## What you need to do
Every picture should be left out, but the lines below must be repeated exactly.

## Given data
---------------

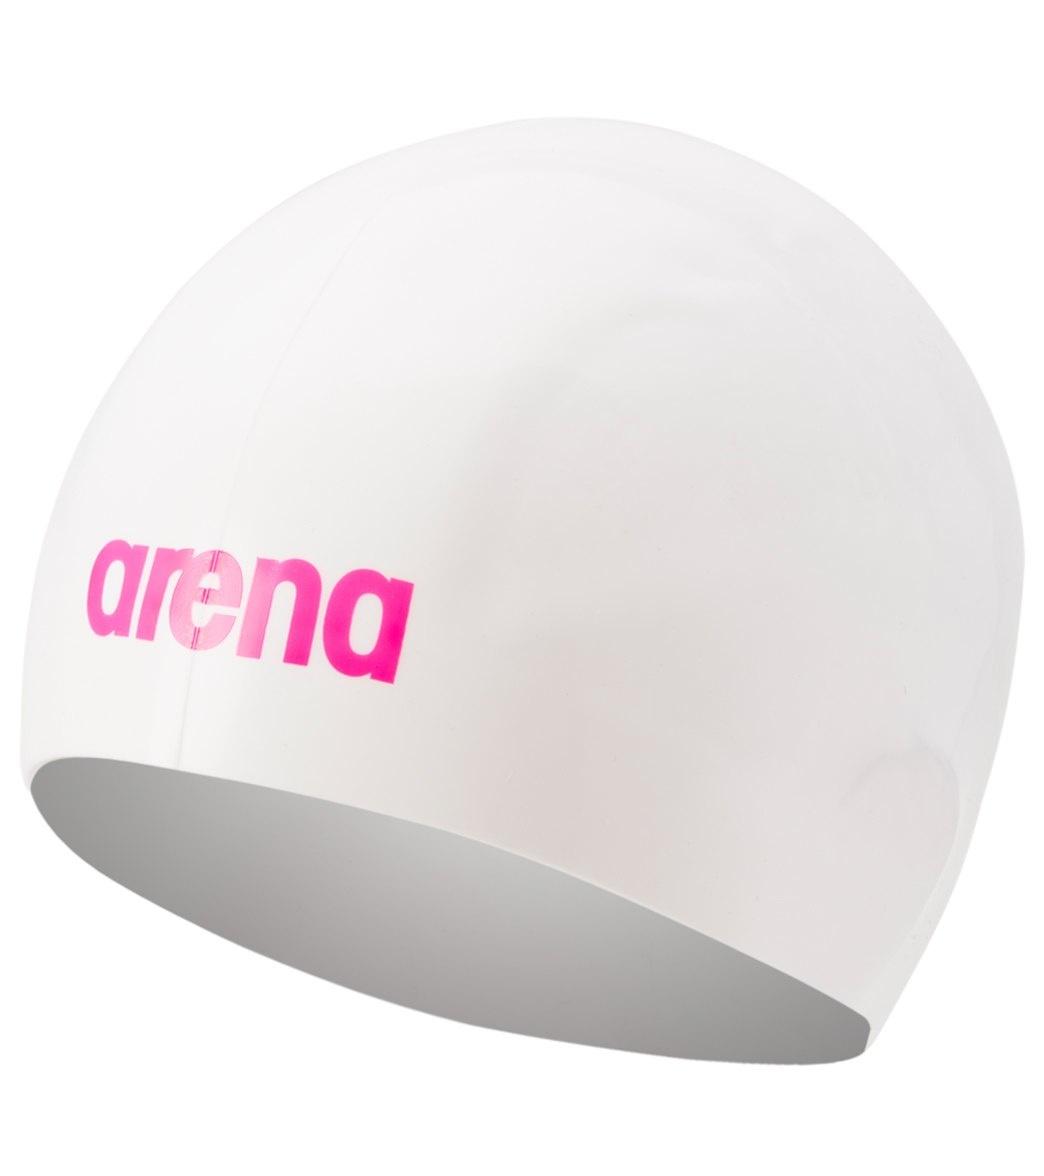 Arena 3D Ultra Race Cap
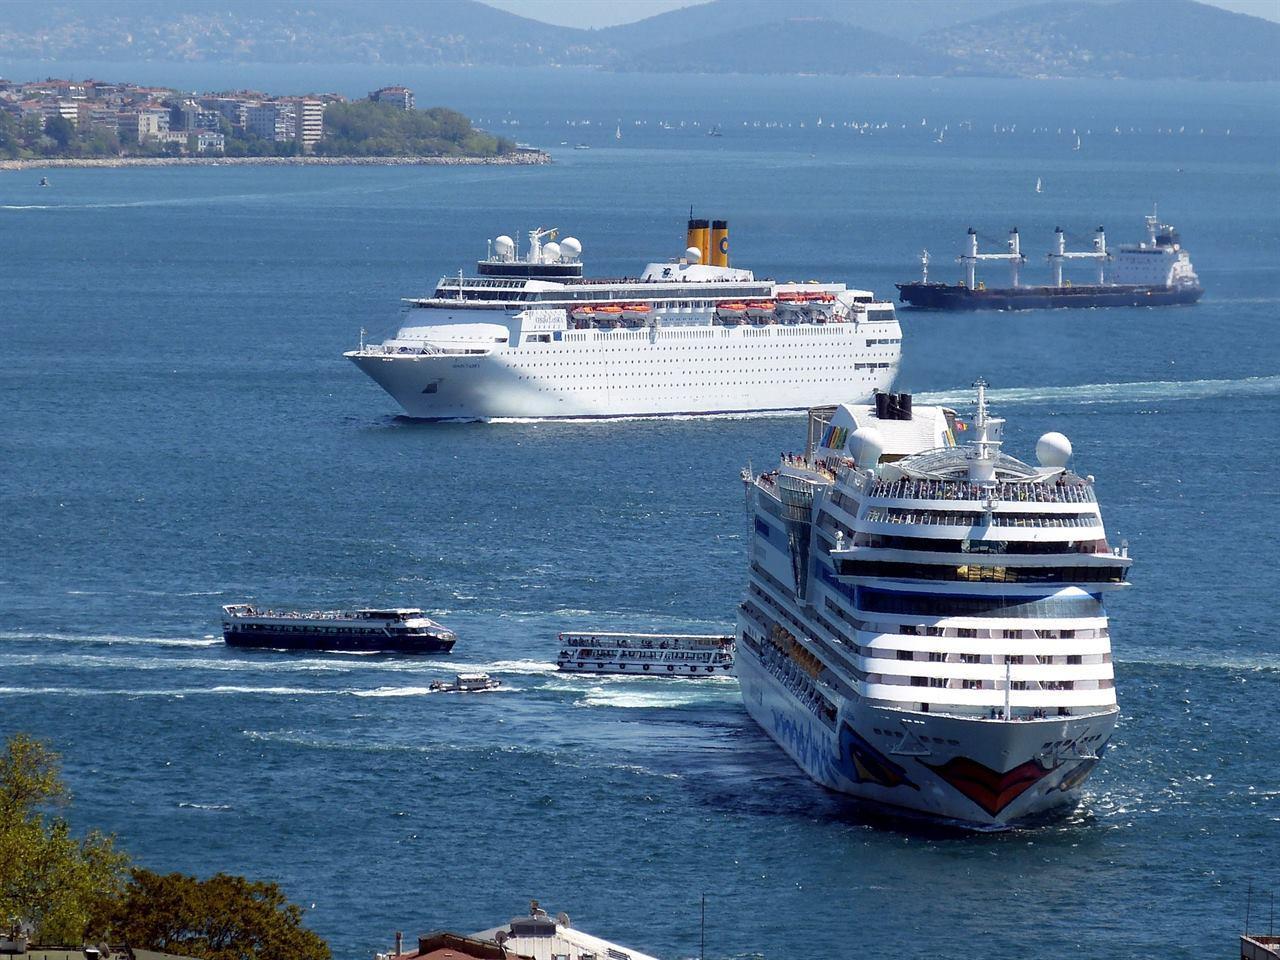 Море круиз в Стамбуле
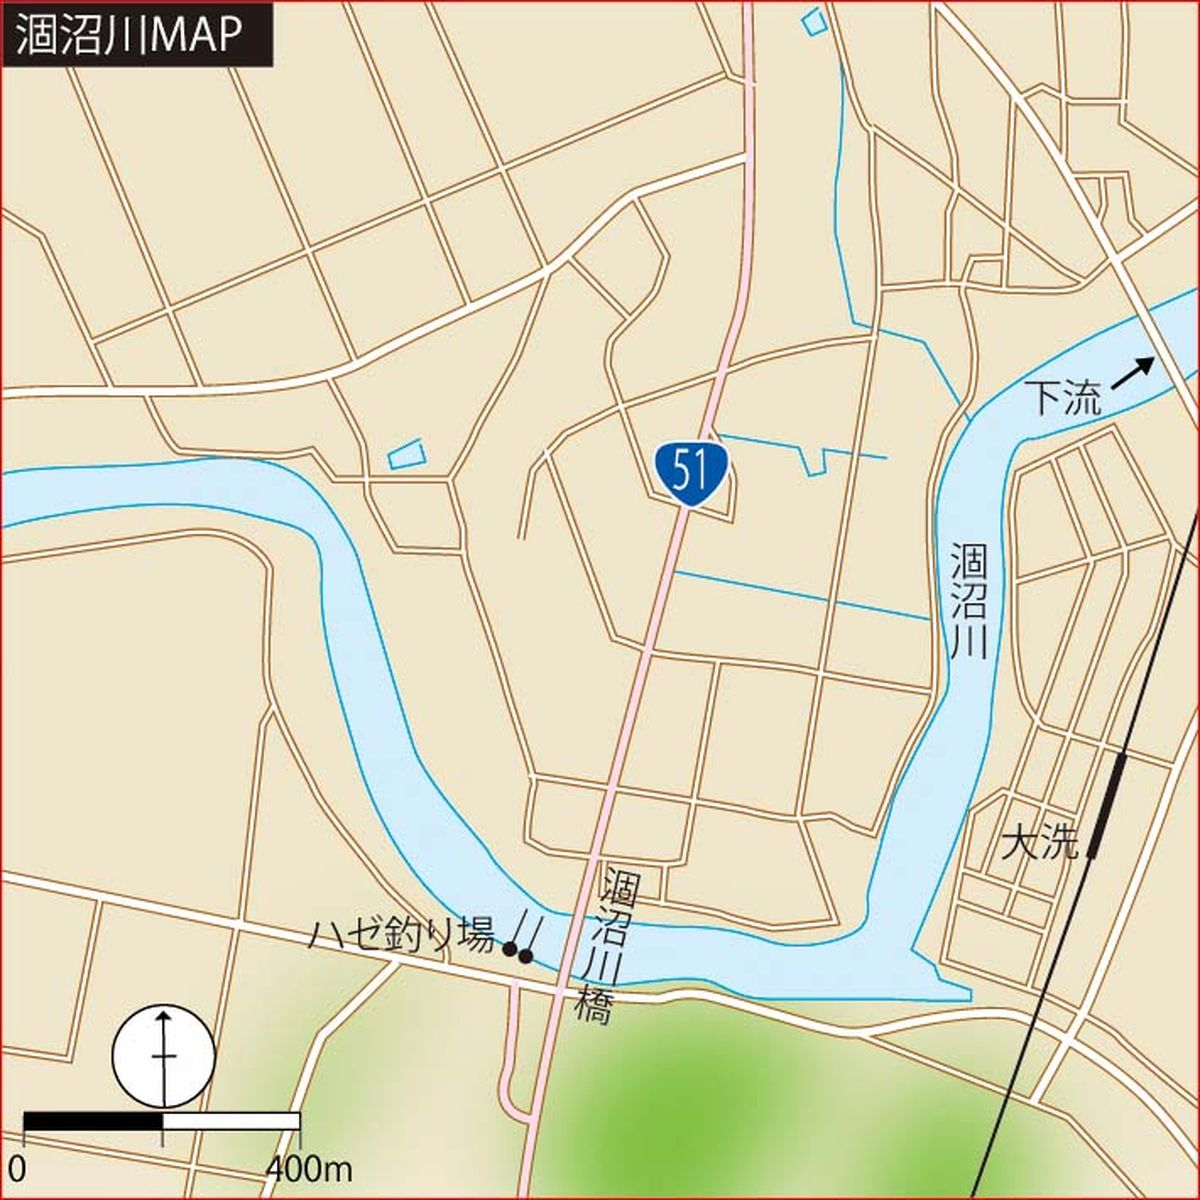 047-048-choinage-tsuriba_cs6 (1)

---------------

## Result of this task
 Arena 3D Ultra Race Cap
 Море круиз в Стамбуле
 047-048-choinage-tsuriba_cs6 (1)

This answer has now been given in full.